My parents were also both alcoholic, further muddying my own diagnostic waters – I blamed all of their problems on their obvious smoking and drinking of course. My dad refused to see a doctor – he knew they’d just tell him to quit smoking and drinking, which he wasn’t going to do. I finally gave up trying to get him to either and left him in peace and got on with my life. But he was always happy to nit-pick my health and well-being, and tell me just exactly how I should be doing things.
I’m now willing to bet a lot of our homeless and drug-addicted youth are possible undiagnosed EDS patients, trying to cope with chronic pain, depression and difficult families. I’ve even met a few in the last couple of years who agreed this was likely so. It could sure explain a lot of so called “drug-seekers” in our system.

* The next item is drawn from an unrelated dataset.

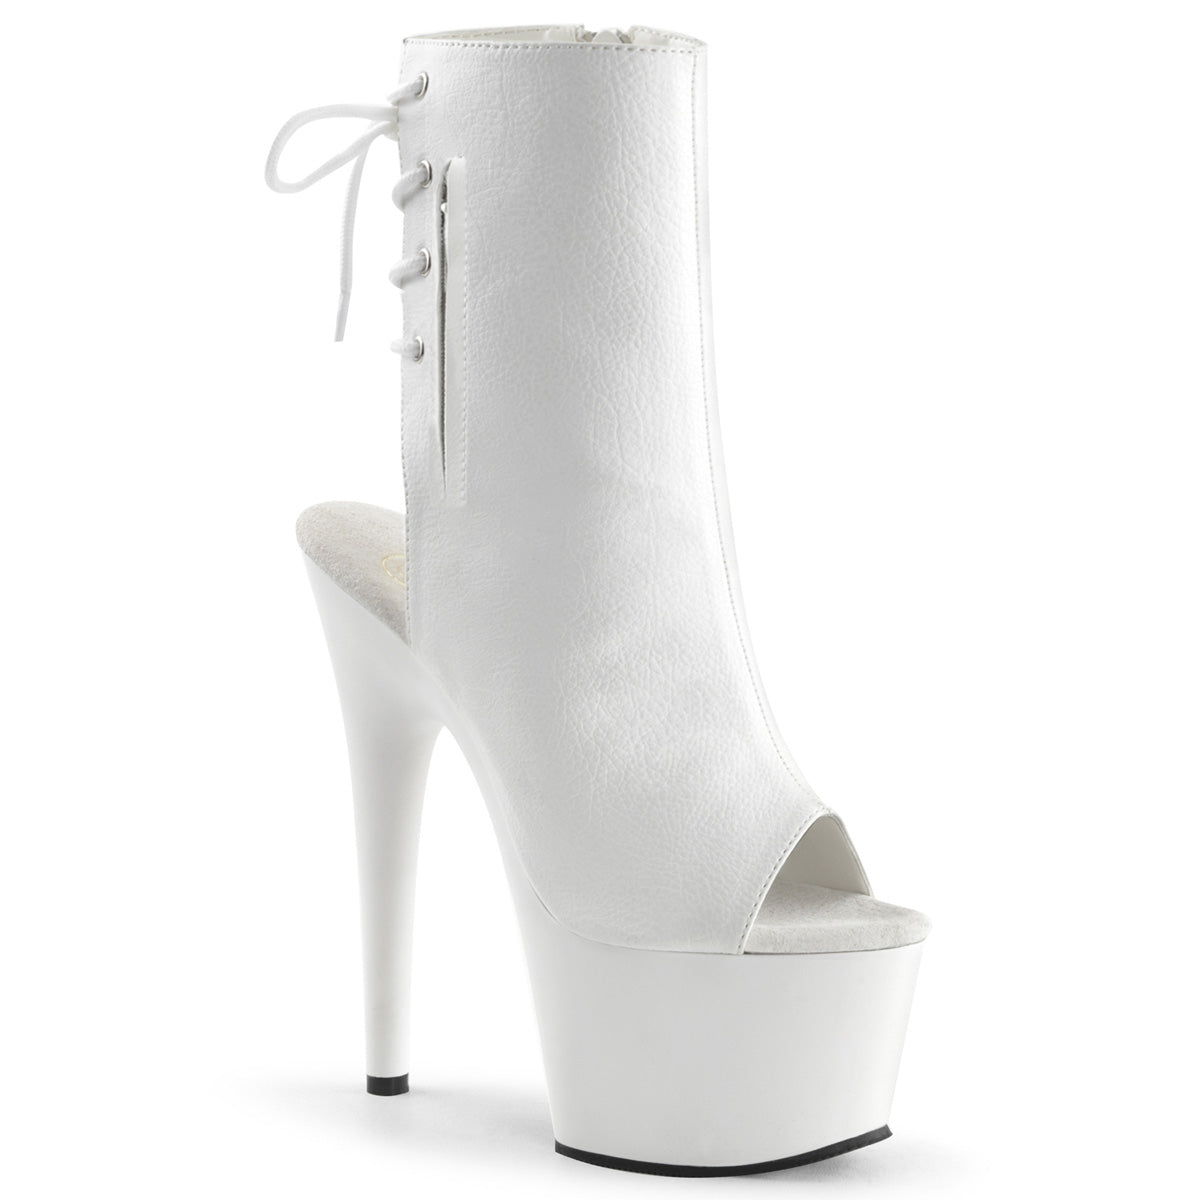 ADORE-1018 Pleasers 7 Inch Heel White Strippers Ankle Boots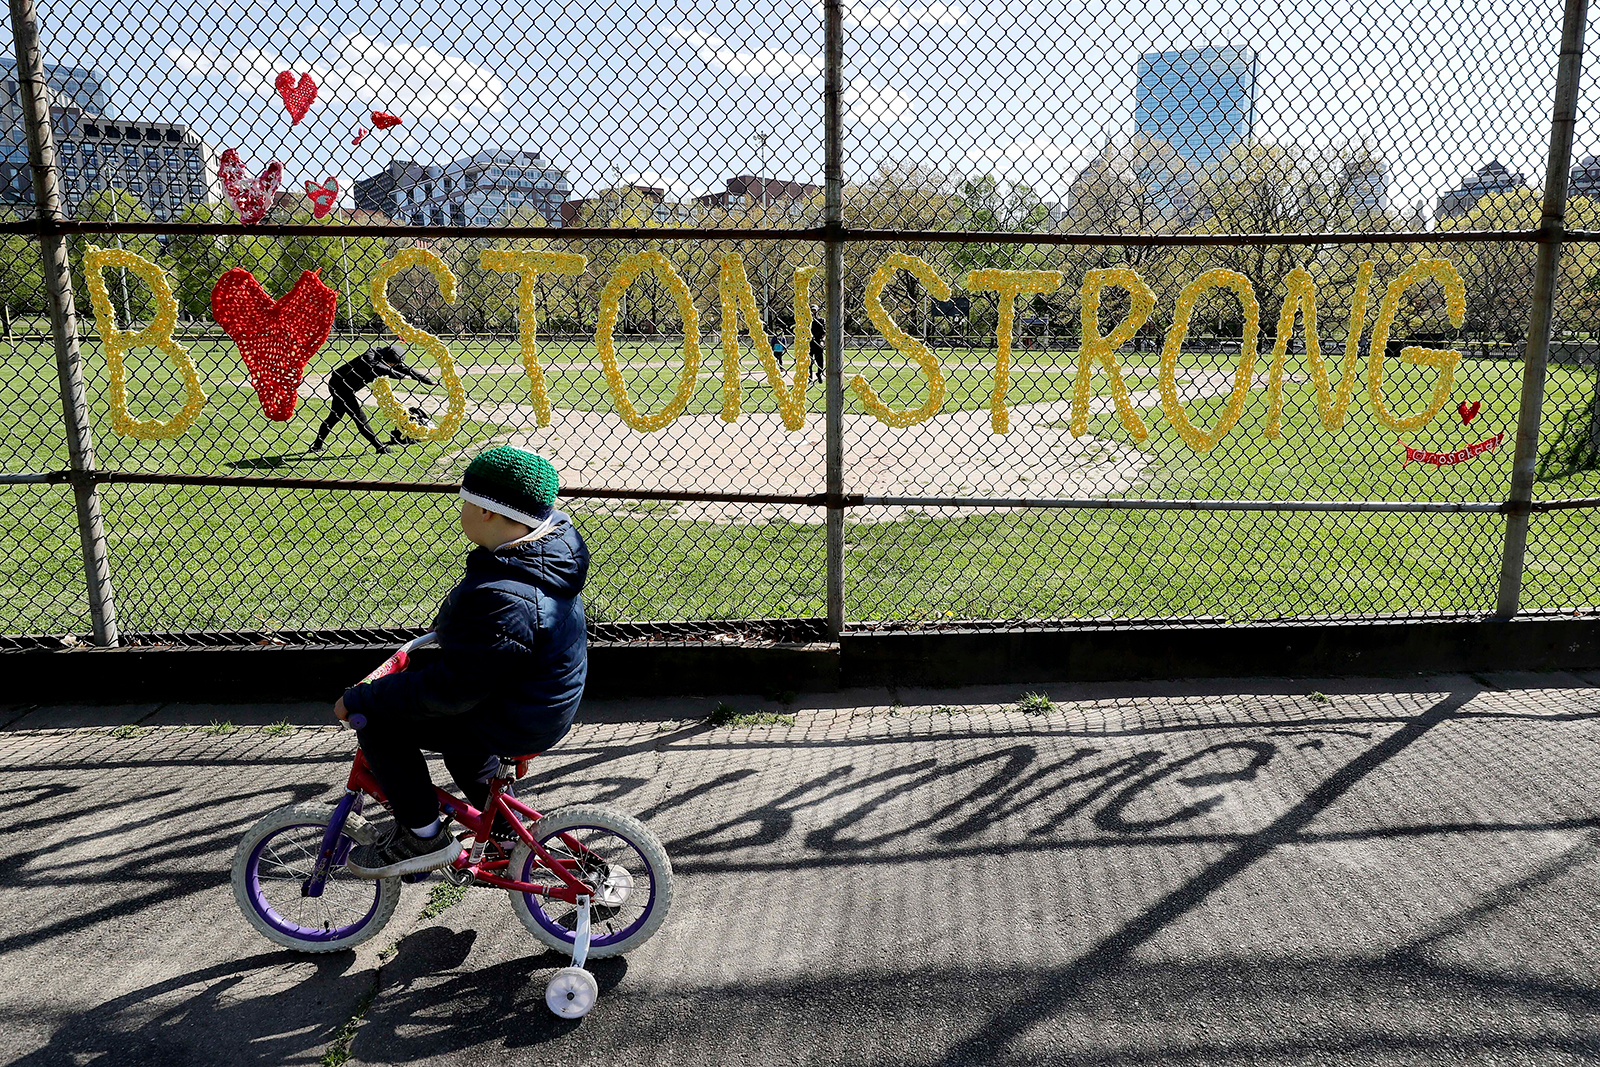 A child rides a bicycle with training wheels past a fence with the slogan "Boston Strong" crocheted into it, on Wednesday, May 13, in Boston.

They probably have very real chronic but invisible pain and sensory processing issues for lack of proper recognition. (See When to Suspect for help with that.)
Lastly I’ll add that I’m seeing a lot of comorbid autism spectrum and related disorders in EDS families (stubborn sensitive Aspies, anyone? OCD? ADD? ADHD? SPD?), and dare I posit that maybe some of our doctors and nurses may just share a touch of this trait…(you’re all such good academics and science nerds, after all!) which may add to the difficulty in convincing them to see us in the subclinical forms as I was for my first 44 years.
Well, denial is not a river in Egypt! And I think we’ll ALL do better to start looking for a condition that leading experts now think may run as high as 2% of the general population (if not more IMHO). That’s 1 in 50 people if not more, folks! Look around you – you know at least a couple already, even if they’re not diagnosed! (They’re probably recovering from hip, knee or dental surgery or seeing a chiropractor, though). I dearly hope my site helps more people recognize more subclinical EDS patients, and stop thinking it’s so rare! We really have you surrounded, smile.